Resting state functional MR imaging methods can provide localization of the language system; however, presurgical functional localization of the language system with task-based functional MR imaging is the current standard of care before resection of brain tumors. These methods provide similar results and comparing them could be helpful for presurgical planning. We combine information from 3 data resources to provide quantitative information on the components of the language system. Tables and figures compare anatomic information, localization information from resting state fMR imaging, and activation patterns in different components of the language system expected from commonly used task fMR imaging experiments.
Task functional MR imaging is the standard of care for mapping the language system before surgery.
The language system is composed of multiple components and more than one task is typically required to fully localize the language system.
Resting state functional MR imaging can localize the language system but its relationship to task functional MR imaging and anatomic landmarks has not been fully characterized.
Localization of language regions using task-based functional MR imaging (T-fMR imaging) is currently considered standard of care before surgical resection of brain lesions that may impinge on these critical areas of the brain (“eloquent cortex”). This information is considered critical for presurgical planning, assessing the risk for morbidity, and consultation with patients and their families. This method is most often used for brain tumor resection, but has become common in numerous other neurosurgical procedures such as epilepsy surgery, brain biopsies, and laser ablation procedures.
Mapping language function accurately is complicated by several factors such as the numerous components of the language system (receptive vs expressive language, memory, reading, listening, and speaking that involve components of vision, hearing, and the motor systems), and the variability of its location across patients even after hemispheric dominance is established. Further complicating the surgical plan is the need to integrate this information between aggressive resection (that can extend life and delay recurrence) and functional preservation (decreasing morbidity), which can differ depending on the exact location of the tumor with respect to different parts of the language system. Some areas of the language system will not recover from resection (eg, Broca’s area), but others may be fully restored after recovery time and therapy (eg, supplementary motor area).
Although no one task can fully characterize the entire language system, a large collection of tasks have been developed as part of research in the field of system neurosciences. These tasks have been designed to activate and map different components of the language system. Owing to time and patient participation constraints, it is necessary to customize the T-fMR imaging examination to the individual patient. The complexity of this task has not gone unnoticed in the research literature, , , , including a white paper from the American Society for Functional Neuroradiology.

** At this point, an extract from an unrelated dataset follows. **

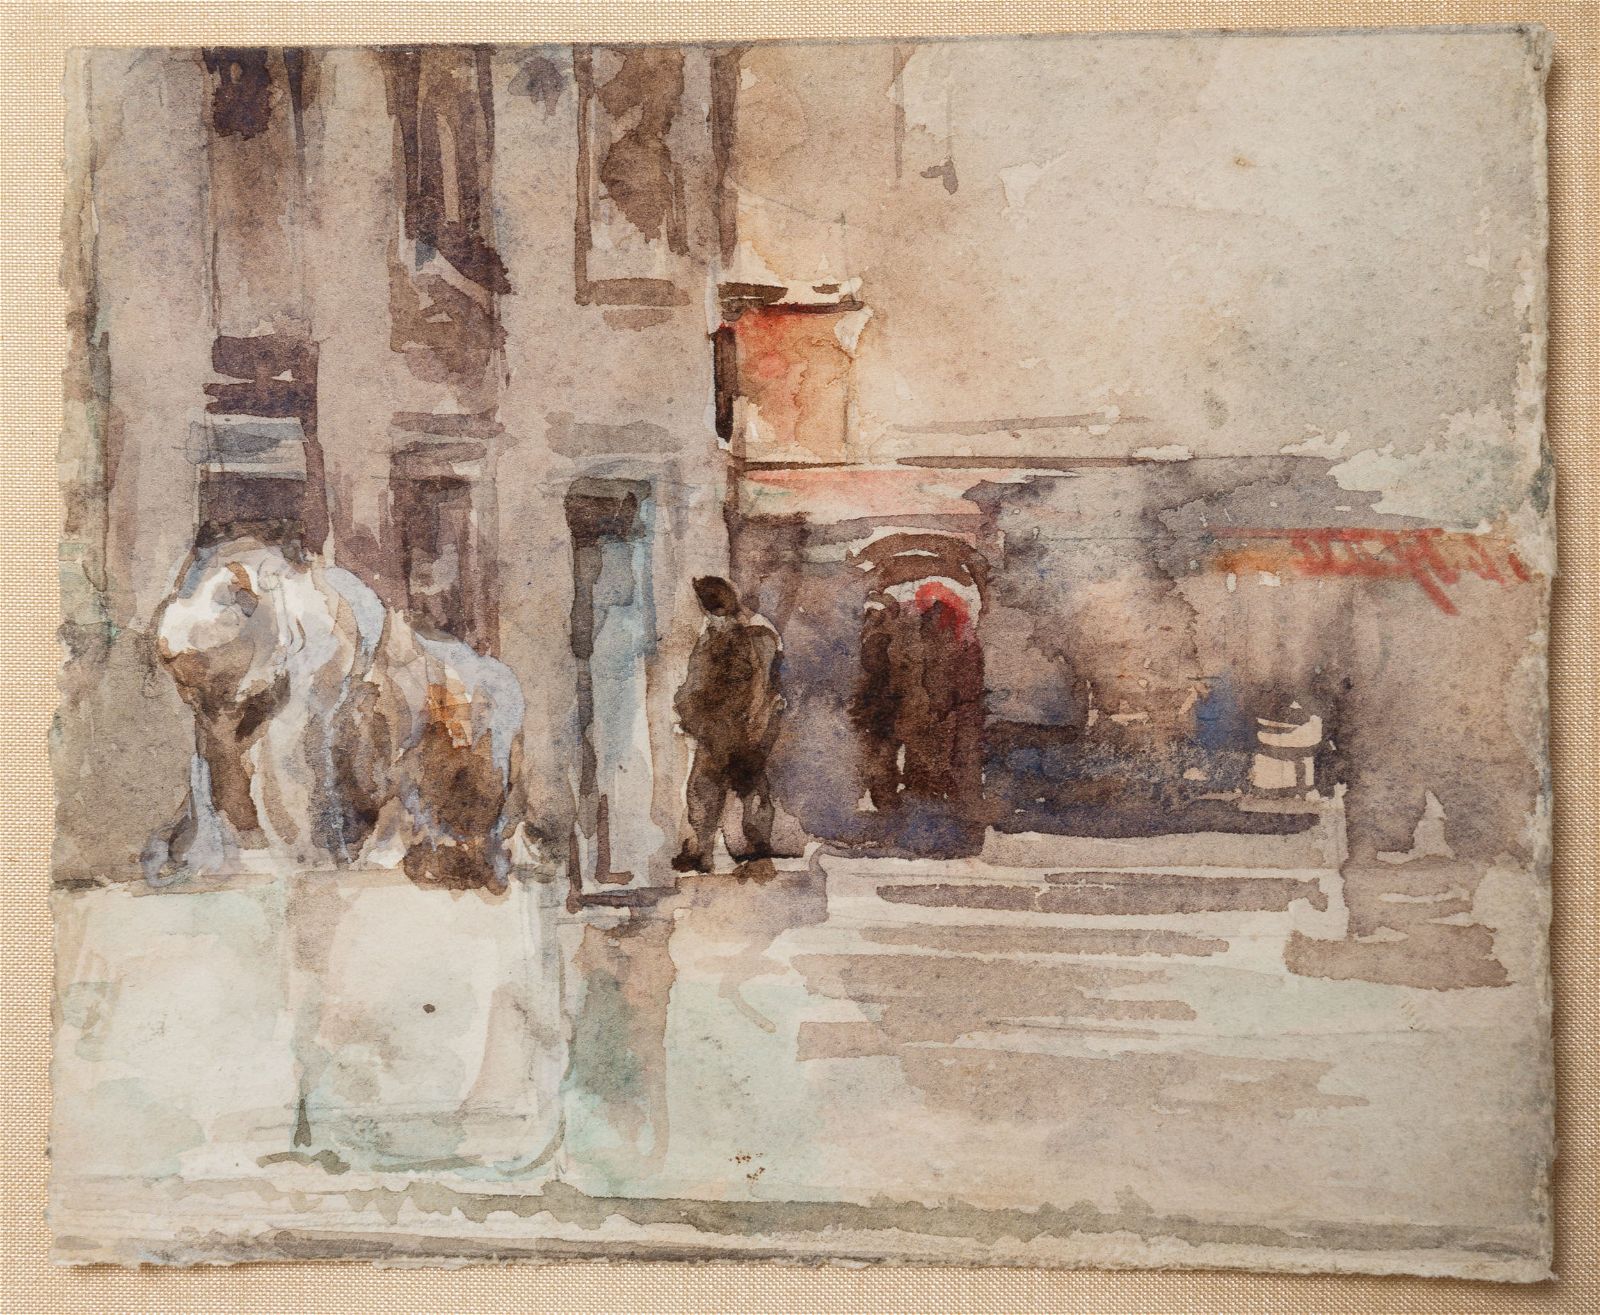 Watercolor of a Venetian scene attributed to John Singer Sargent, which hammered for $7,750 and sold for $9,687 with buyer’s premium at Amelia Jeffers.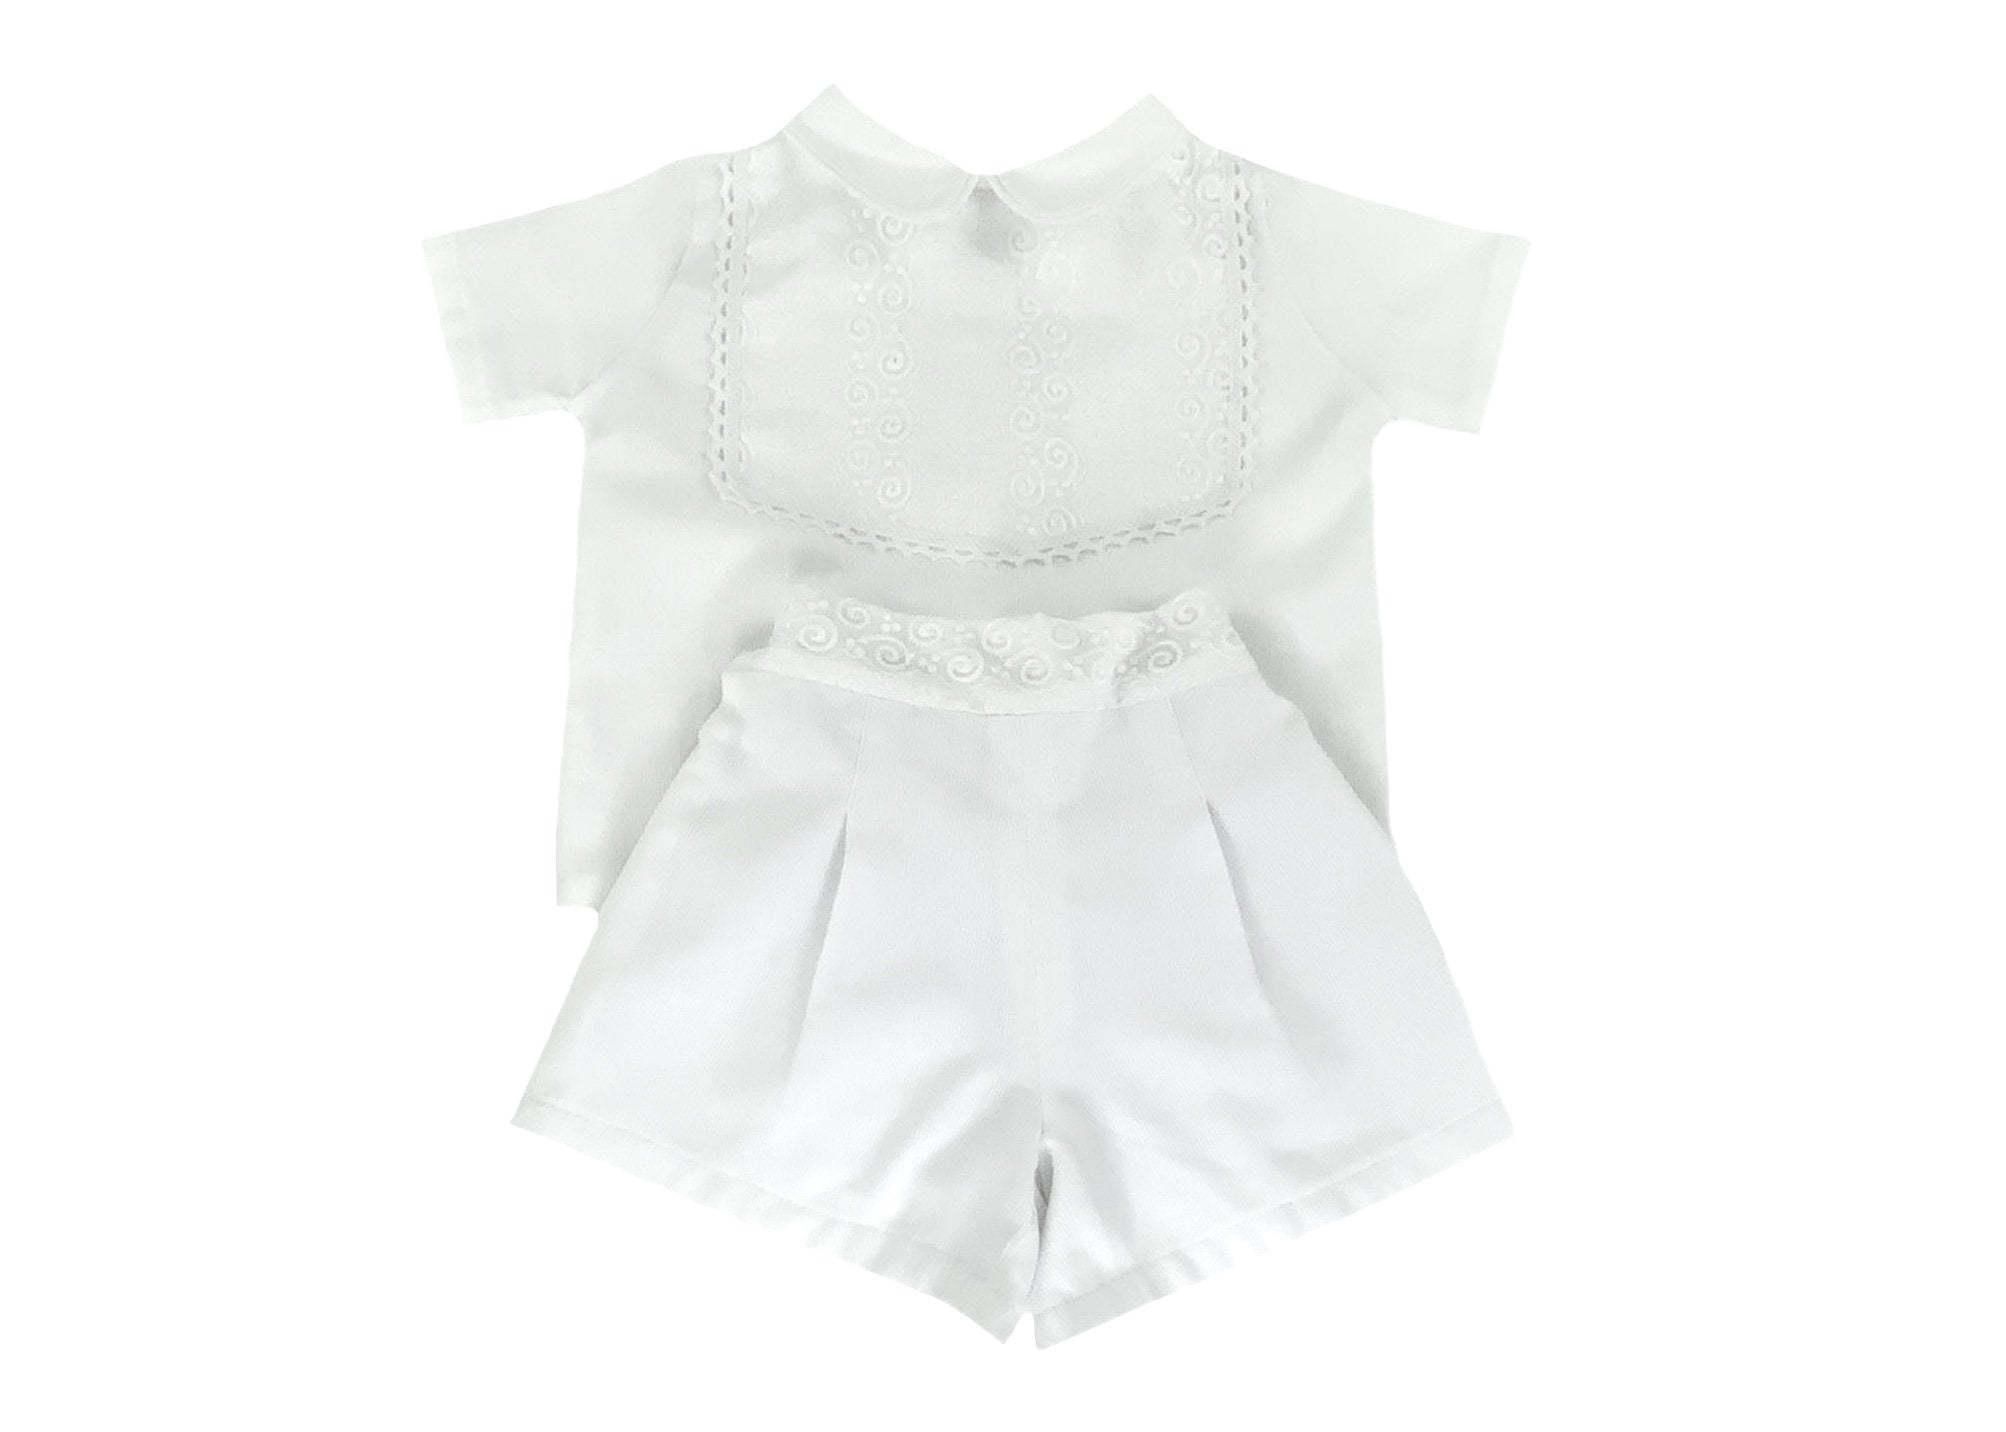 Embroidered White Cotton Boy's Top and Shorts Set-Boy's Clothing-Children's Clothing Store Shirt & Short Set Alfa Baby Boutique 0-3 White Male

The need for patient participation in the task is critical for accurate language mapping. Alternative approaches are needed when a patient cannot participate in the task, such as in cases of confusion, disability, need for sedation, or in young children. One approach that is used by a several sites in such situations is resting state fMR imaging (RS-fMR imaging). Specifically, the multilayer perceptron algorithm has been used successfully for language localization in a large series of patients. This approach does not require patient participation and is able to extract language (and other) maps from calculations of functional connectivity across the brain. Although further studies are needed to fully characterize the accuracy and usefulness of this method in surgery, preliminary studies indicate that it provides a fairly balanced map of the language system and this result would be expected because it is not specific to any one task.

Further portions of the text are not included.